In both the unadjusted and adjusted models, compared to the patients without delirium, delirious patients’ ≥ 65 year had a significantly higher mortality rate and longer ICU and hospital LOS. They also required more nursing hours and generated much higher cost per case. In the subgroup analysis conducted by ICD-10 diagnosis chapter, for the unadjusted models, each diagnostic group’s delirious patients had worse outcomes compared to those with no delirium. However, considering that, as discussed above, the current study cannot indicate causality, is it essential to test these findings with a study design that allows causal inferences.

Our subgroup analyses highlighted striking variations in delirium period-prevalence across patient groups. Several of these differences, e.g., the frequent occurrence of delirium in cardiac surgery or geriatric patients, support previous findings. One new finding – which requires further attention – is the high prevalence of delirium in radiotherapy, visceral surgery, reconstructive plastic surgery, and cranio-maxillo-facial or oral surgery patients – all groups who have thus far fallen either outside or only marginally within the scope of clinical delirium management.

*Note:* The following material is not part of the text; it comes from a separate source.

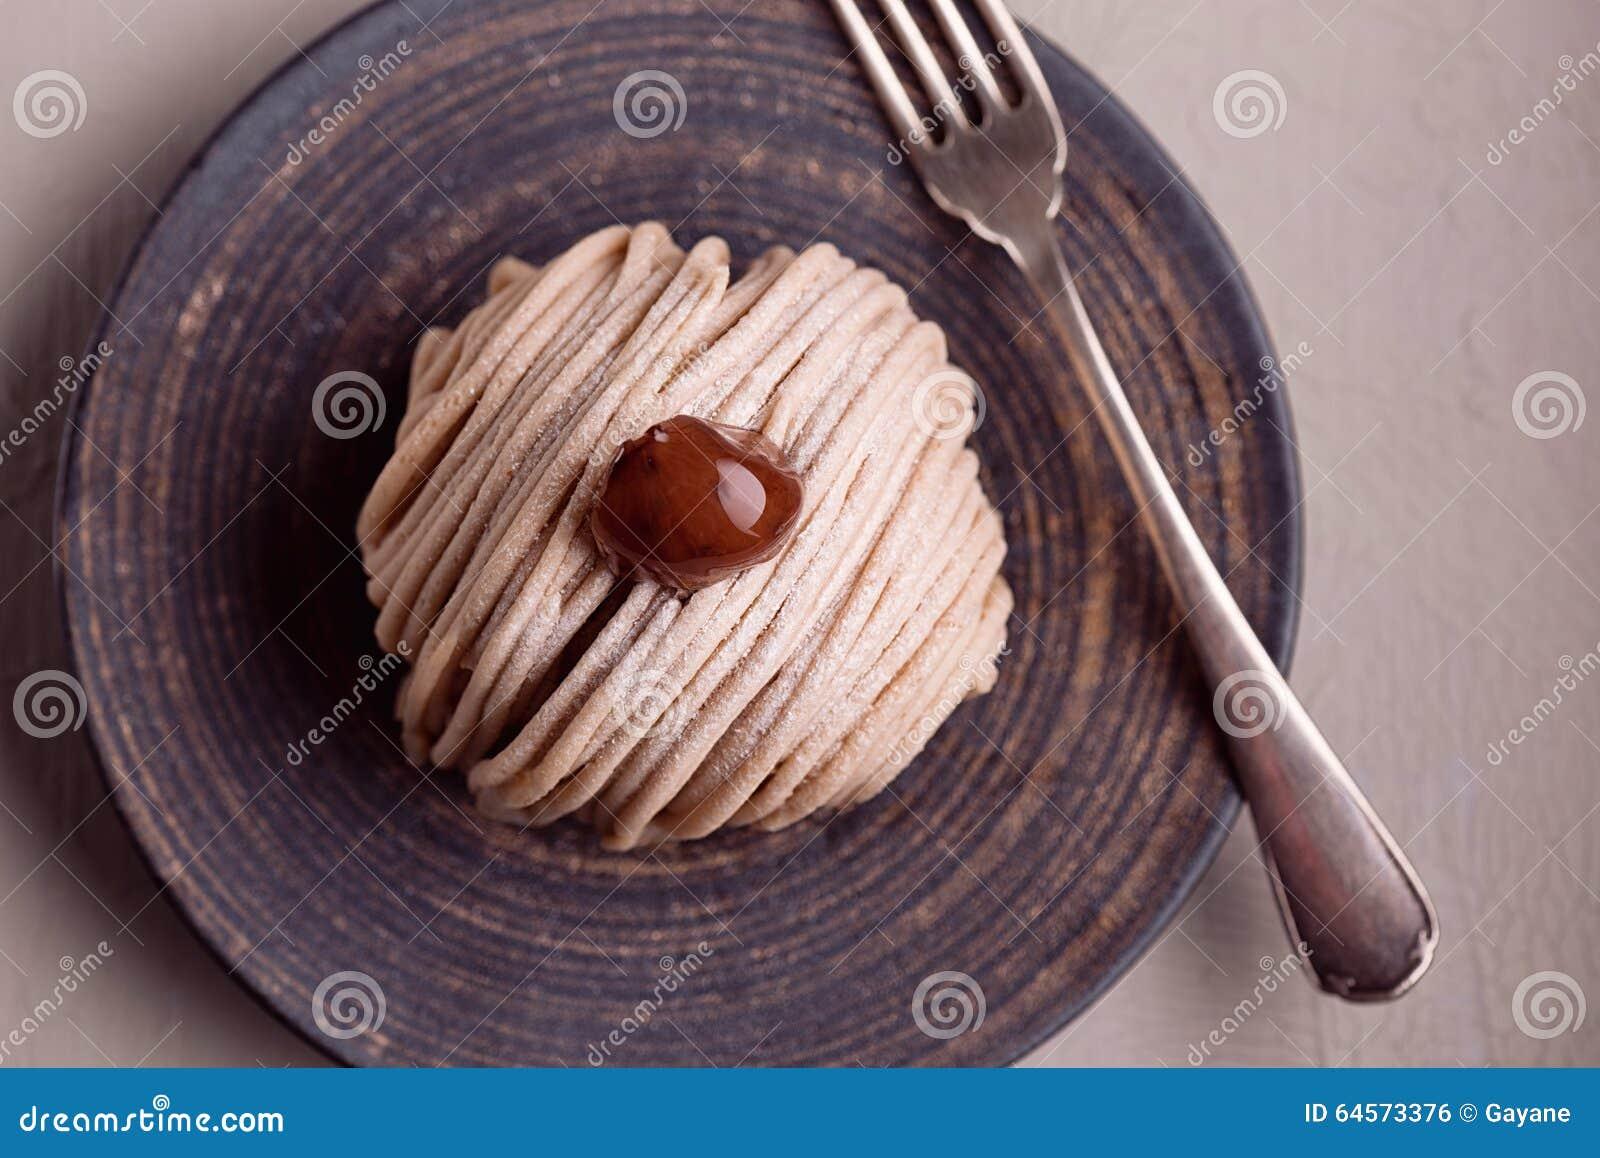 Gâteau traditionnel français Mont Blanc

In the subgroup analysis according to the ICD-10 diagnosis chapters, patient diagnoses referring to known delirium precipitating factors, e.g., infection/parasites, injury, poisoning, or endocrine /nutritional /metabolic diseases, were linked with elevated delirium prevalence. Therefore, in addition to patients currently in the focus of standard delirium management (i.e., ICU, cardiac and orthopaedic patients), it is recommended to expand that focus to include those treated in care centers for radiotherapy, visceral surgery, reconstructive plastic surgery, cranio-maxillo-facial and oral surgery.

Finally, the used approach described above to identify patients at risk for a delirium, timely screening, detection and identification of delirious patients can easily be added to standard clinical practice. From a scientific perspective, this approach allows quick classification of patients into three groups with significant and clinically relevant outcomes: (1) those not at risk, for whom delirium screening is unnecessary; (2) those at risk and screened, who do not develop a delirious state; and (3) those at risk and screened and who develop a delirious state.